-- INFORMATION SHOWN follows --

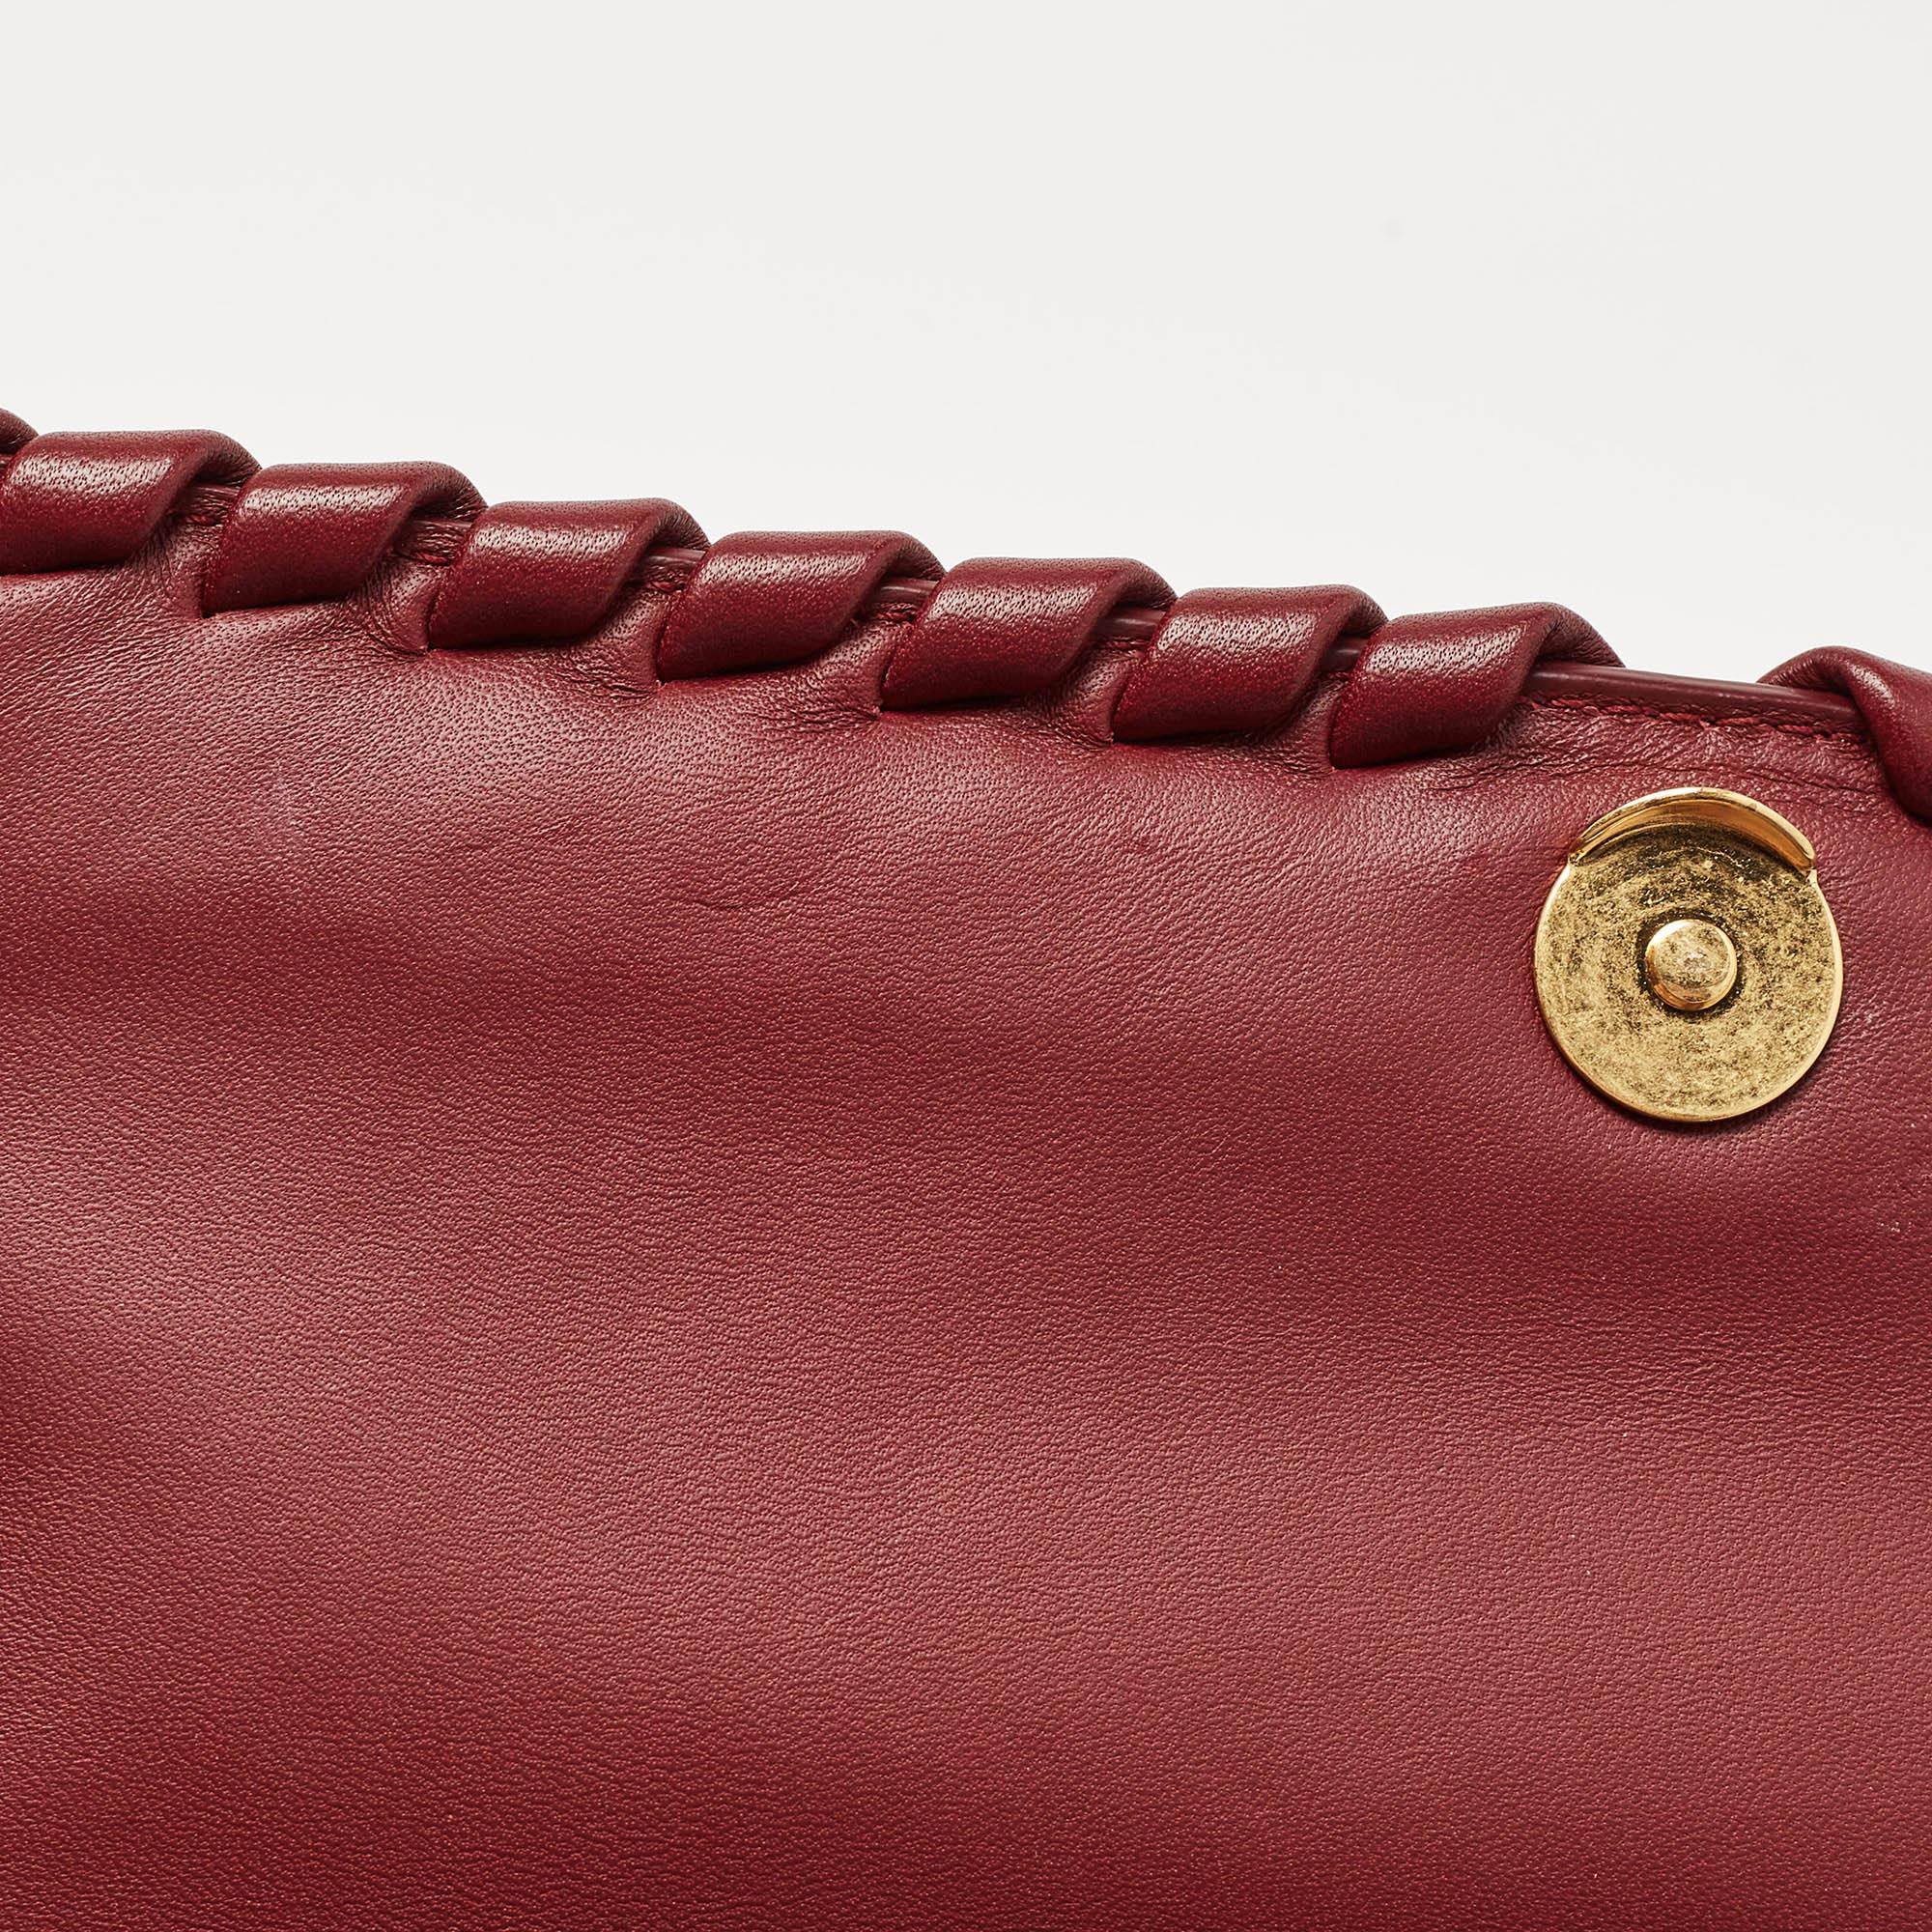 Bottega Veneta Dark Red Intrecciato Leather Small Olimpia Shoulder Bag For Sale 1
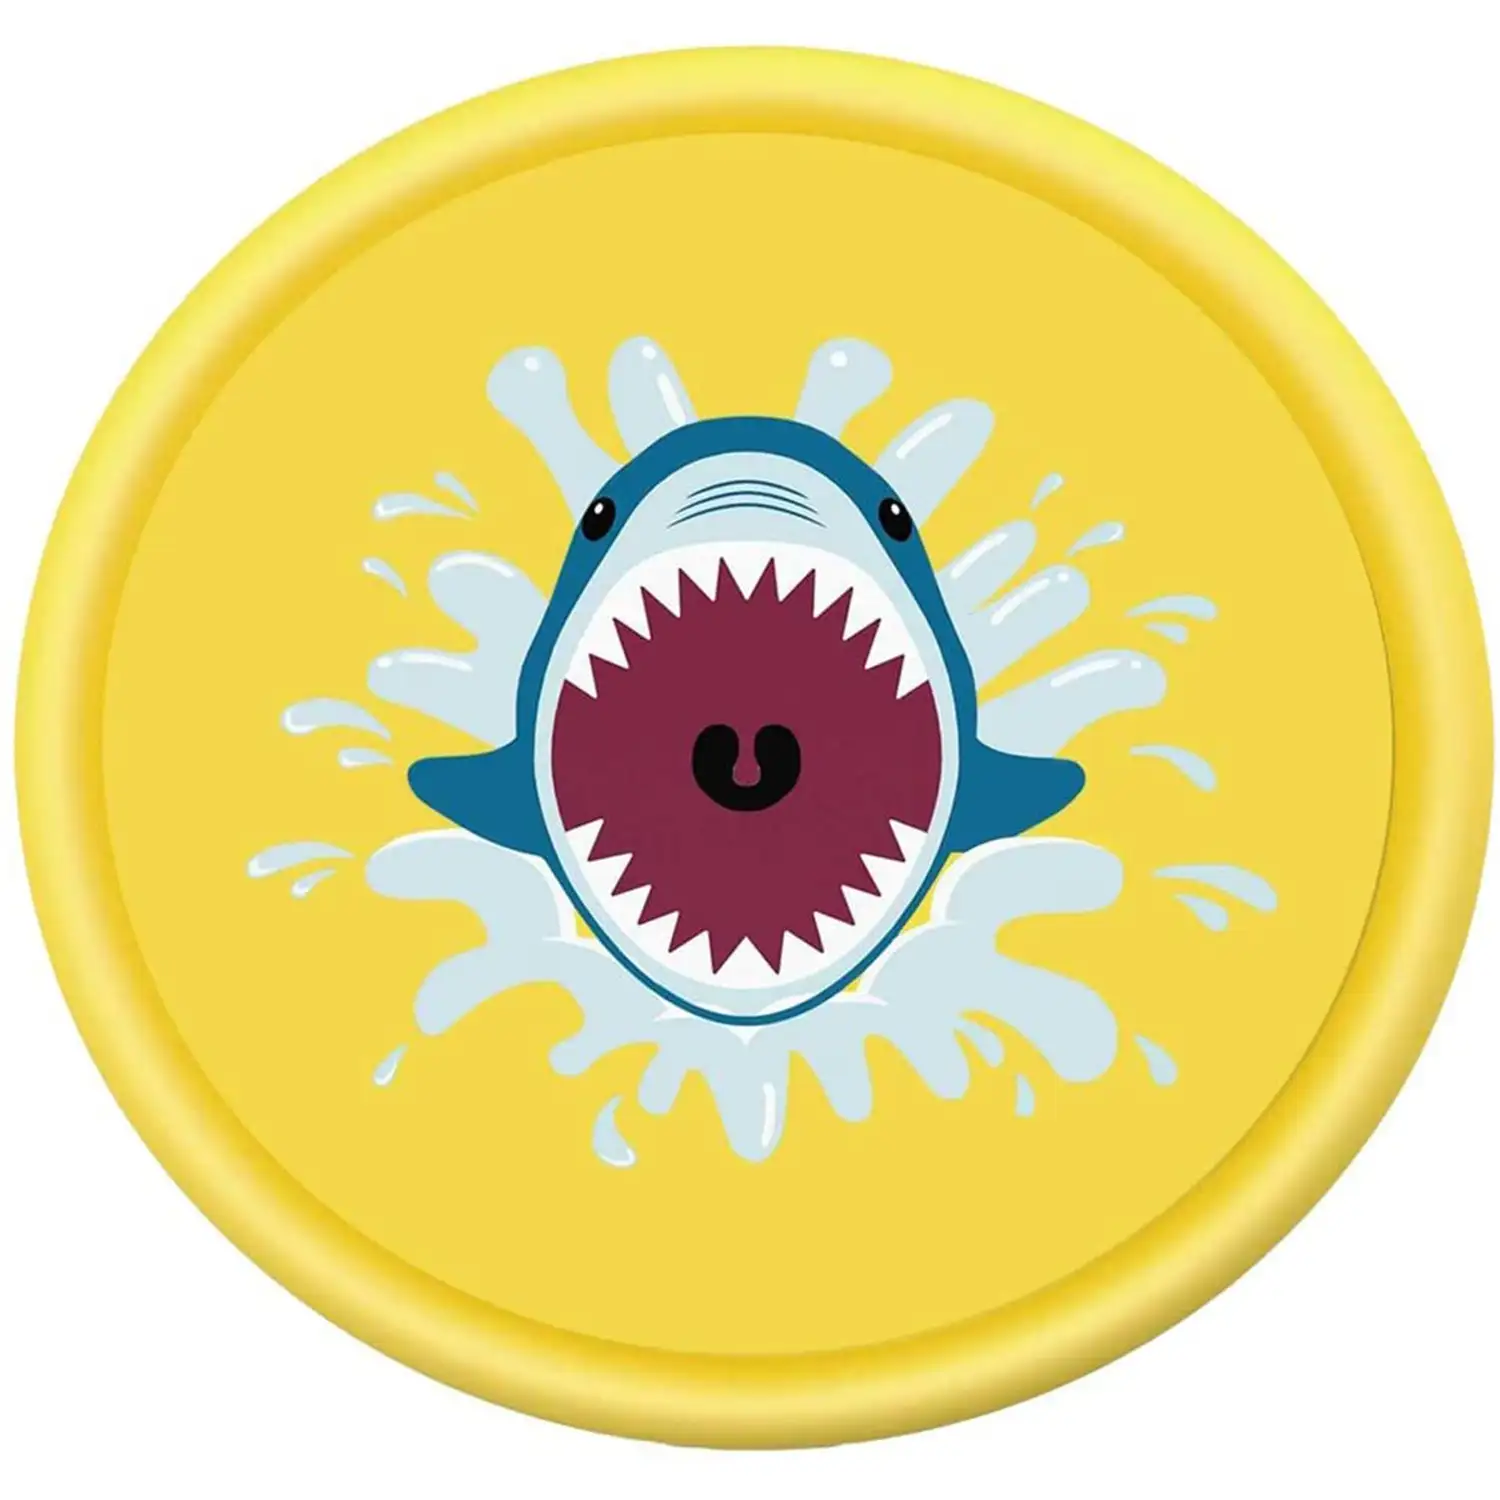 Splash Pad. Juguete inflable con aspersor de agua para jugar. 170cm de diámetro. Diseño tiburón.
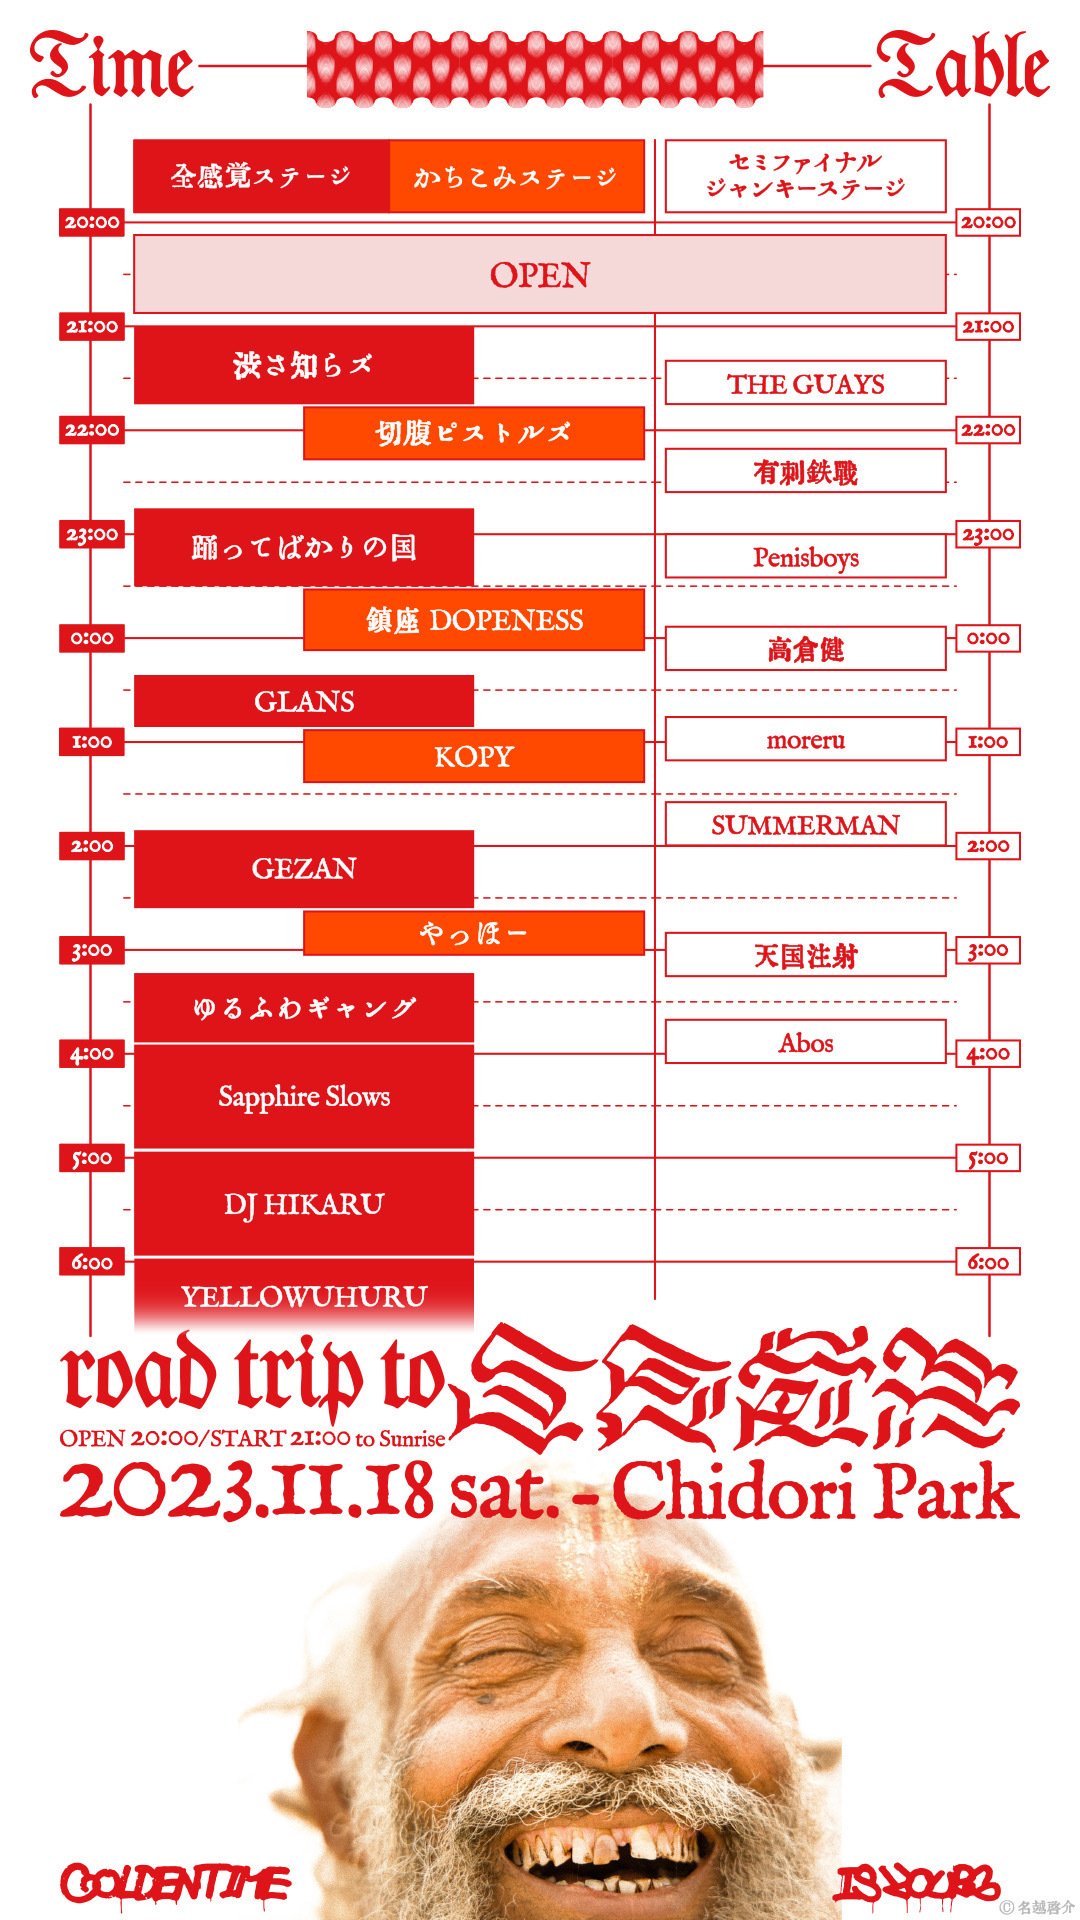 『Road Trip To 全感覚祭』タイムテーブル

-- INFORMATION SHOWN concluded --

> **WORK TASK**
Retype the listing exactly. Leave the pictures out.

> **ANSWER SECTION**
 Bottega Veneta Dark Red Intrecciato Leather Small Olimpia Shoulder Bag For Sale 1
 Splash Pad. Juguete inflable con aspersor de agua para jugar. 170cm de diámetro. Diseño tiburón.
 『Road Trip To 全感覚祭』タイムテーブル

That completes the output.